Top of INFORMATION SUPPLIED

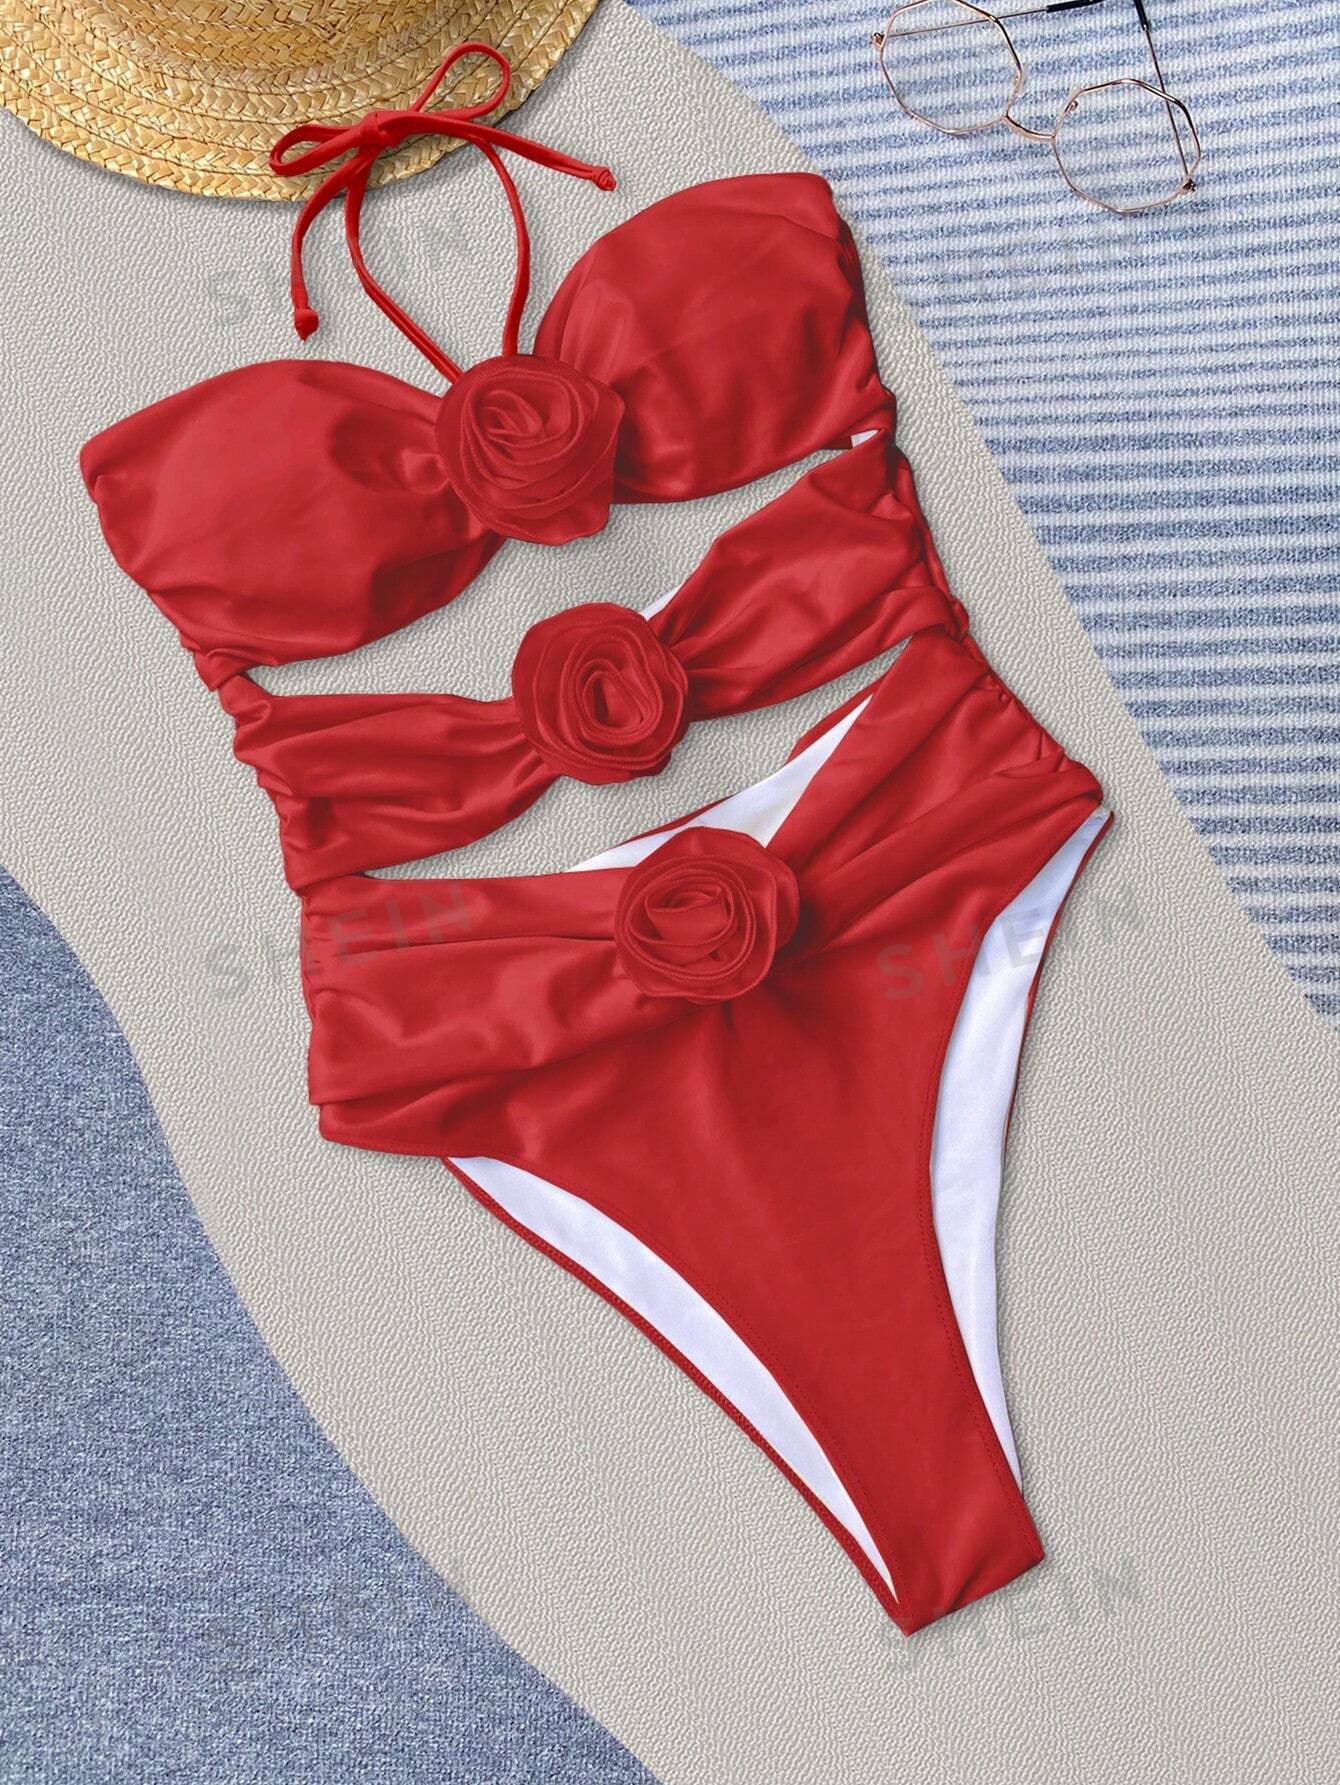 Bikinx сплошной цвет сексуальный ажурный купальник монокини с 3d цветочными деталями и вырезом на шее для женщин, красный
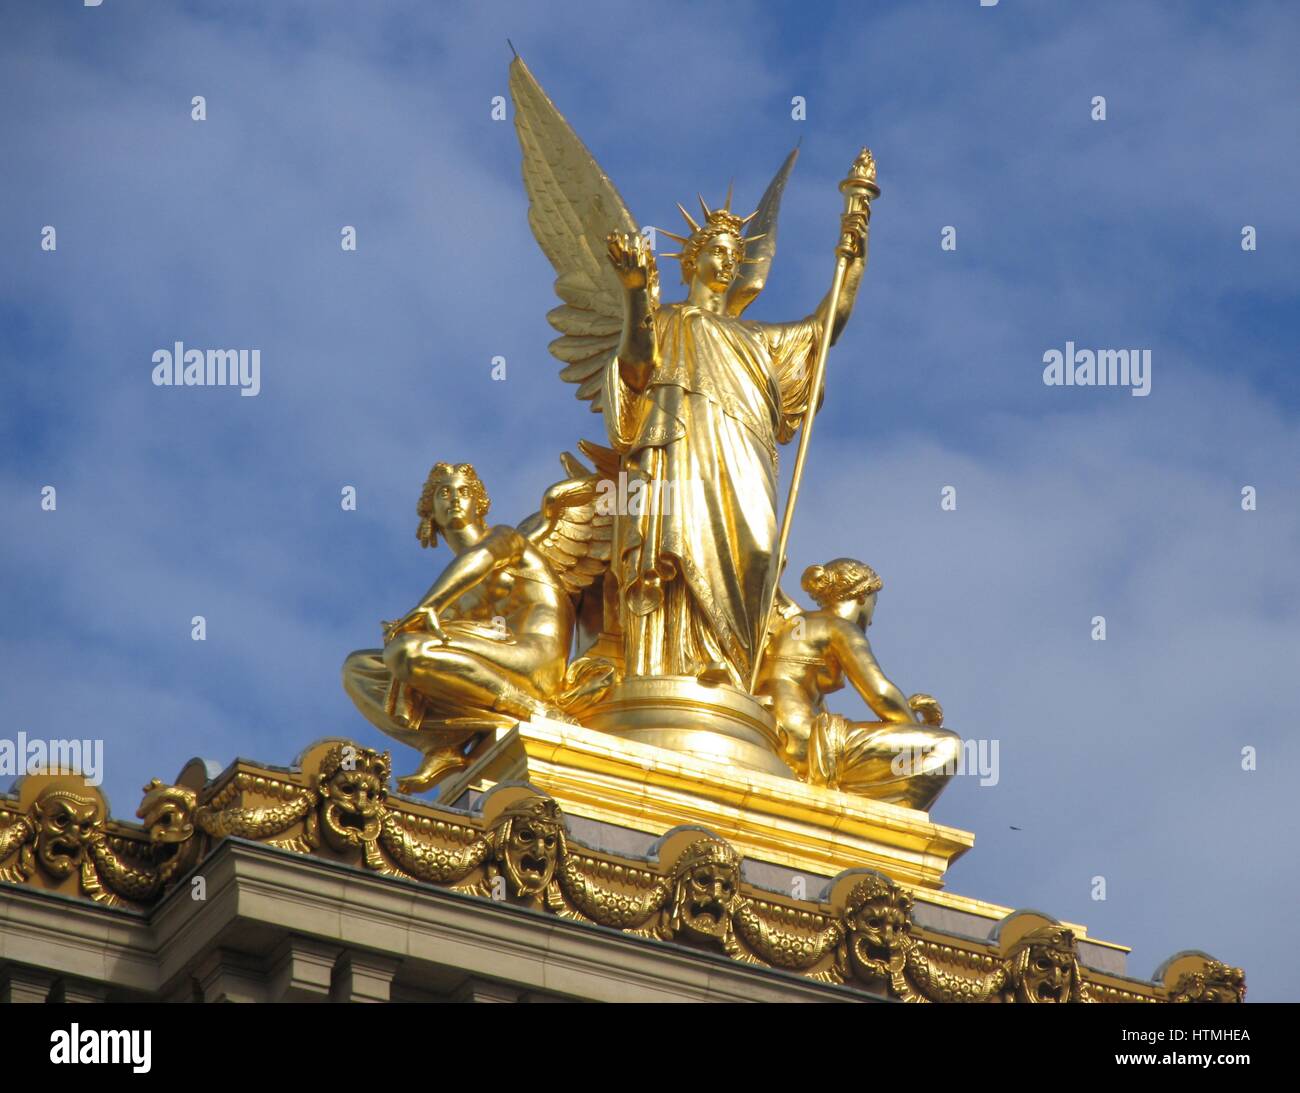 La figure dorée sur le haut de la façade de l'Opéra Garnier, (Opéra de Paris). Banque D'Images
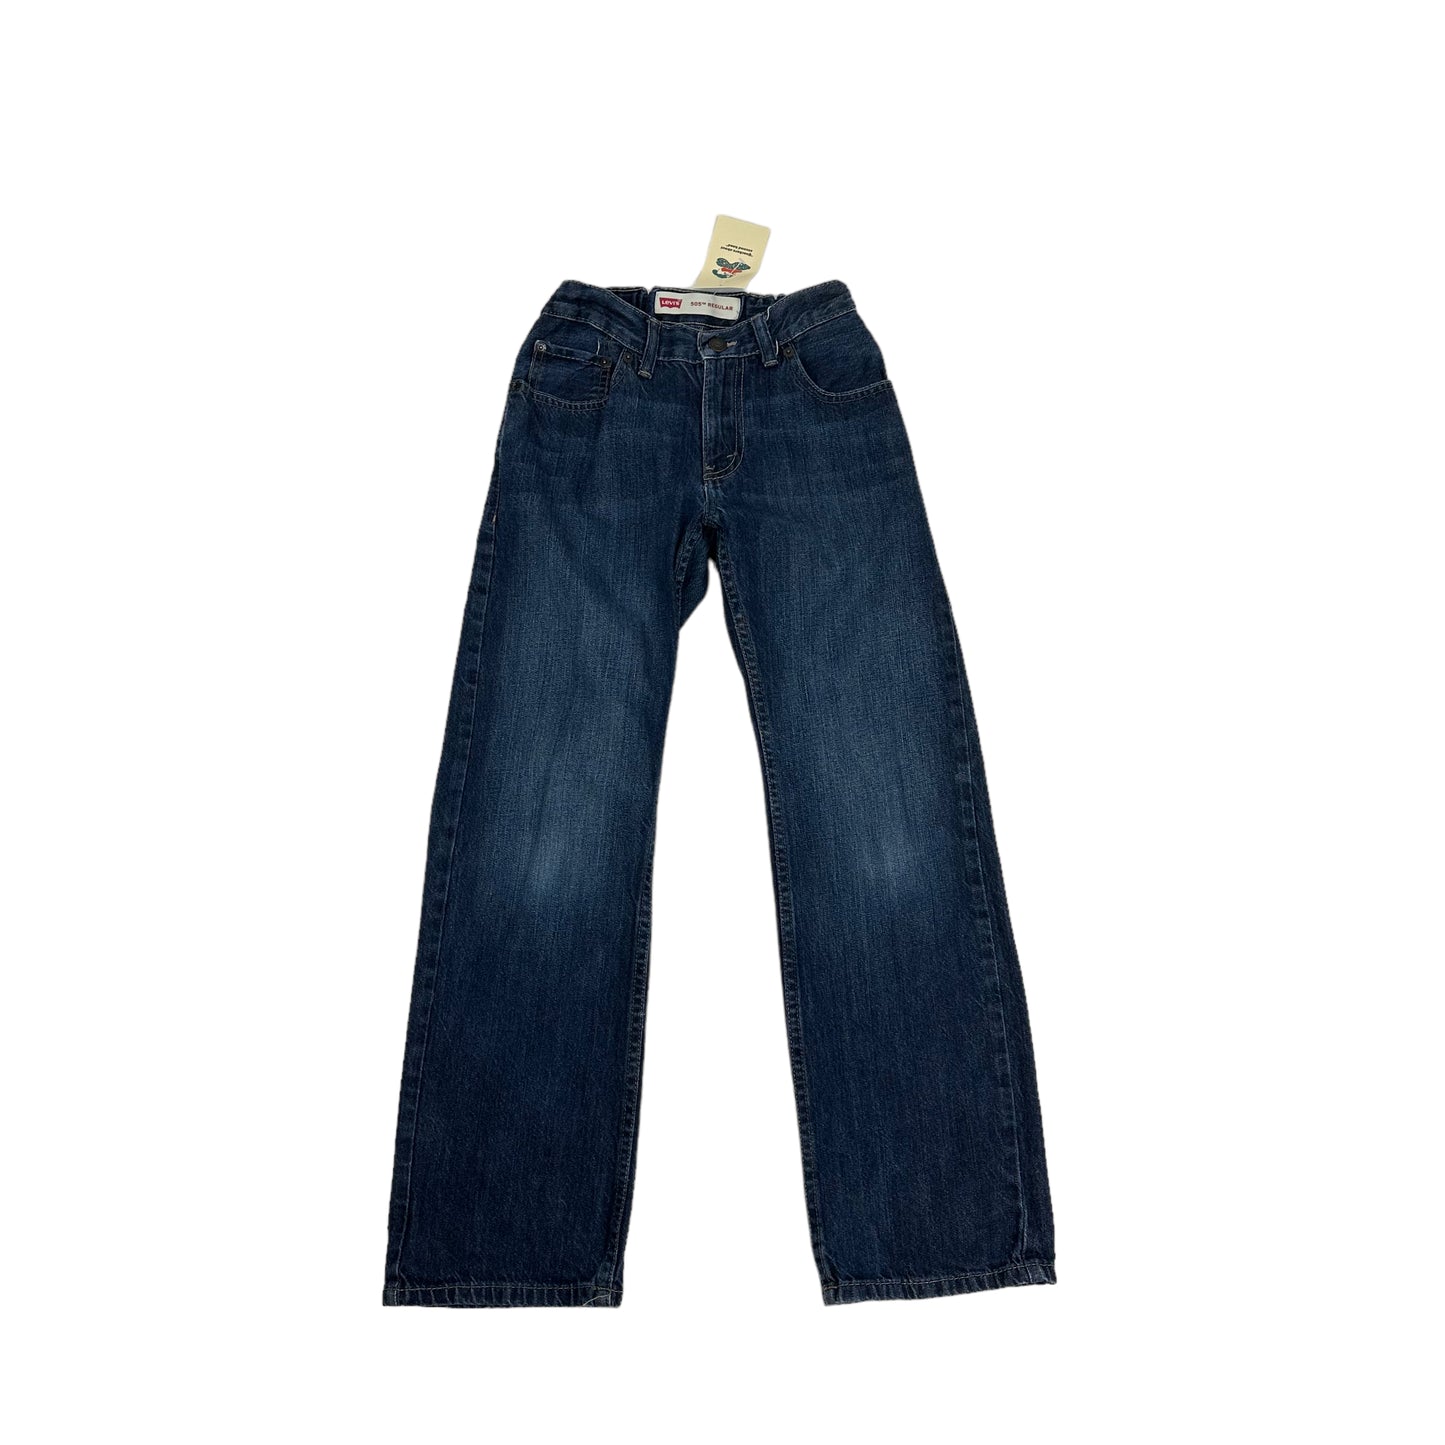 Vintage Levi's 505 Jeans (Age 12)

Bottom of INFORMATION SUPPLIED

## TASK TO CARRY OUT
In full and without change, repeat the material above, minus the pictures.

## YOUR SOLUTION
 Bikinx сплошной цвет сексуальный ажурный купальник монокини с 3d цветочными деталями и вырезом на шее для женщин, красный
 La figure dorée sur le haut de la façade de l'Opéra Garnier, (Opéra de Paris). Banque D'Images
 Vintage Levi's 505 Jeans (Age 12)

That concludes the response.